Data for processing:

•••

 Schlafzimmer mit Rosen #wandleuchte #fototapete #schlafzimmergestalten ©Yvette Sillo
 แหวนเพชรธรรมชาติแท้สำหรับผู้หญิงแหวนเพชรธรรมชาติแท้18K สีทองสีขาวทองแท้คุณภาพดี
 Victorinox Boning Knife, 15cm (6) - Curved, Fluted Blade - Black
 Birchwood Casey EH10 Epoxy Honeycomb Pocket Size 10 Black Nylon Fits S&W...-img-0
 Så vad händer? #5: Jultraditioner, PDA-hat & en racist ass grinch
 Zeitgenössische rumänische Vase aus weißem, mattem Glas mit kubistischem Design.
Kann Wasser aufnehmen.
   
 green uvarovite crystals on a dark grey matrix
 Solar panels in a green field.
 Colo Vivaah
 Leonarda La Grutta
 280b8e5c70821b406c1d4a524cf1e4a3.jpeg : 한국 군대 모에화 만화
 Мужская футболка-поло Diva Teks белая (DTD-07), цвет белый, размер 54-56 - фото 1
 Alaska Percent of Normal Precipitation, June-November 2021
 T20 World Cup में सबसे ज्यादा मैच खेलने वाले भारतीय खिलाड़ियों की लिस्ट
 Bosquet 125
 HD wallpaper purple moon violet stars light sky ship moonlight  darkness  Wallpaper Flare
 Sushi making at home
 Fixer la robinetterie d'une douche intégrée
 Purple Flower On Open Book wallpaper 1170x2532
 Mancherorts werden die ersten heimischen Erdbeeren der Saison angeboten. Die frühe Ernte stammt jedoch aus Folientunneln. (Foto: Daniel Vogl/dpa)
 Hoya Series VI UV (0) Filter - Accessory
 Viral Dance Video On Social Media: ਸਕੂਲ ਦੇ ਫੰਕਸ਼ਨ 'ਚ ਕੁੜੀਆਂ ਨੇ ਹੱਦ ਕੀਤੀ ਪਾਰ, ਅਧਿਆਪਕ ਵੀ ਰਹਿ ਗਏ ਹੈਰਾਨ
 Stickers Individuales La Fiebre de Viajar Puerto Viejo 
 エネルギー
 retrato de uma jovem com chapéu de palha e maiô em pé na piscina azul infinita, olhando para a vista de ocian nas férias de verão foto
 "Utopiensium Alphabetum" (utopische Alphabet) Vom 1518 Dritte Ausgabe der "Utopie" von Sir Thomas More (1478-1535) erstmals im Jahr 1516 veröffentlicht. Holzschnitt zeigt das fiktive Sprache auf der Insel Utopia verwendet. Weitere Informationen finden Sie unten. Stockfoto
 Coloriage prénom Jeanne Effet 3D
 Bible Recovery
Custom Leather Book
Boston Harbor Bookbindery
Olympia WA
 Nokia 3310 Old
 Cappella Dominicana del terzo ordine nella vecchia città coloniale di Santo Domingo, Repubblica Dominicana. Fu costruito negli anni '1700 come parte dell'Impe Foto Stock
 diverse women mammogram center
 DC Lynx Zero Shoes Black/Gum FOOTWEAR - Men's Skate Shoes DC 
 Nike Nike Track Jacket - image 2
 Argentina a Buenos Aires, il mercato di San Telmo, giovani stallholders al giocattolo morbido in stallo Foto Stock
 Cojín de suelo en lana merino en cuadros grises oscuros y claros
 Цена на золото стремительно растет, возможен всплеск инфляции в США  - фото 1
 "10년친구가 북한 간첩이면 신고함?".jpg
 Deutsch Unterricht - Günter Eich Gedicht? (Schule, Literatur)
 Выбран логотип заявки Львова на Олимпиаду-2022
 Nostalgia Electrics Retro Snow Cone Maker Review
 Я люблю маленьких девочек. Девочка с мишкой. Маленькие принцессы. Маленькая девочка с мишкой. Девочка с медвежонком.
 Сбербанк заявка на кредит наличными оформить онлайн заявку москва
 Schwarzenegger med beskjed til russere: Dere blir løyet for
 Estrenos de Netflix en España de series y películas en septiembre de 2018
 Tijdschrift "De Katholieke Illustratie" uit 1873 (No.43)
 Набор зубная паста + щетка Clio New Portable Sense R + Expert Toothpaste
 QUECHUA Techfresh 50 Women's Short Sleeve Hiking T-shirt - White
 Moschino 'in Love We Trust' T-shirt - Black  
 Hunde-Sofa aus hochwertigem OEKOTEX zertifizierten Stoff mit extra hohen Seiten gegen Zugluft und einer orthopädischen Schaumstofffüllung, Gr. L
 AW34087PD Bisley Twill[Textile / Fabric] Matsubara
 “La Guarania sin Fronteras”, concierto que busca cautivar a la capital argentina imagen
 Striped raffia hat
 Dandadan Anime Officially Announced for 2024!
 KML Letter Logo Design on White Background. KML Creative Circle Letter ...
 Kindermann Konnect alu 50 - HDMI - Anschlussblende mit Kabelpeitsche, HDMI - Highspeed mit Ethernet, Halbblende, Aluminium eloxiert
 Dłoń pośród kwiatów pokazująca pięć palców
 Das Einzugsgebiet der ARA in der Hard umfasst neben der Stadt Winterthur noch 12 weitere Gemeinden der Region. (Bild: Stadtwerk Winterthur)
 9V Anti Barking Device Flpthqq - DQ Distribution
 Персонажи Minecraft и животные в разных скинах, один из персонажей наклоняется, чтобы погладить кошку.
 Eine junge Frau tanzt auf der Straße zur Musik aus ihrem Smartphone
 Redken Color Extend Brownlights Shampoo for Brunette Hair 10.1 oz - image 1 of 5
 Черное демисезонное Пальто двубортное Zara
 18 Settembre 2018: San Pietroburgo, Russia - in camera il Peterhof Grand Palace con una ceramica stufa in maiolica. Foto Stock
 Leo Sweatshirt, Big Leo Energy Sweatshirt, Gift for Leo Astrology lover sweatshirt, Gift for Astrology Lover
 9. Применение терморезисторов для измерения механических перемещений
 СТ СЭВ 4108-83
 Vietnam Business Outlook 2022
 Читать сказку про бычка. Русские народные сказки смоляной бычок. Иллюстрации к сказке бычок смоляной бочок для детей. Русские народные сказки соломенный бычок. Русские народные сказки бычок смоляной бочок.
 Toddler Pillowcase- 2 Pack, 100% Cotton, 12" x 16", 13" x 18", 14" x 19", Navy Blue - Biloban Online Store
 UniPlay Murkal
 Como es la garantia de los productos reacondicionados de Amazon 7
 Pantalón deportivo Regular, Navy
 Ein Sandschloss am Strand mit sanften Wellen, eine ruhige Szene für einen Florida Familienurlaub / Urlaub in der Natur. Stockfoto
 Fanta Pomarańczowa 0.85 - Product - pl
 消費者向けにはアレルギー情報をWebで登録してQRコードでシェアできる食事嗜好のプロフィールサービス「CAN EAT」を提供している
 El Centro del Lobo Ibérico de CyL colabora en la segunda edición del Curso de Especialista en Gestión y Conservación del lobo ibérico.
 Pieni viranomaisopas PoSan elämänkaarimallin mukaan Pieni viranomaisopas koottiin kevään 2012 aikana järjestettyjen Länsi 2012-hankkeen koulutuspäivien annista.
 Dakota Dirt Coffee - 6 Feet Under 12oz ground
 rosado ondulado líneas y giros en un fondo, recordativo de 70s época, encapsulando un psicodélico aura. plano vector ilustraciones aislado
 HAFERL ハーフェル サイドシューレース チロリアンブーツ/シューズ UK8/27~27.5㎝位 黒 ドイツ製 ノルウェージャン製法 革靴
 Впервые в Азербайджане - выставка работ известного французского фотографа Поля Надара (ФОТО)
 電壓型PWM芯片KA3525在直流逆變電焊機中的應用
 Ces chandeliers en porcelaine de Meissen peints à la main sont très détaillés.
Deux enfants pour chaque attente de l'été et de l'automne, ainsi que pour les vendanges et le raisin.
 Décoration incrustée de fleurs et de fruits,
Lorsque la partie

•••

Problem details: Looking at the records above, return exactly the lines from the line with "Estrenos de Netflix" to the line with "QUECHUA Techfresh 50", both ends included.

Completed exercise:
 Estrenos de Netflix en España de series y películas en septiembre de 2018
 Tijdschrift "De Katholieke Illustratie" uit 1873 (No.43)
 Набор зубная паста + щетка Clio New Portable Sense R + Expert Toothpaste
 QUECHUA Techfresh 50 Women's Short Sleeve Hiking T-shirt - White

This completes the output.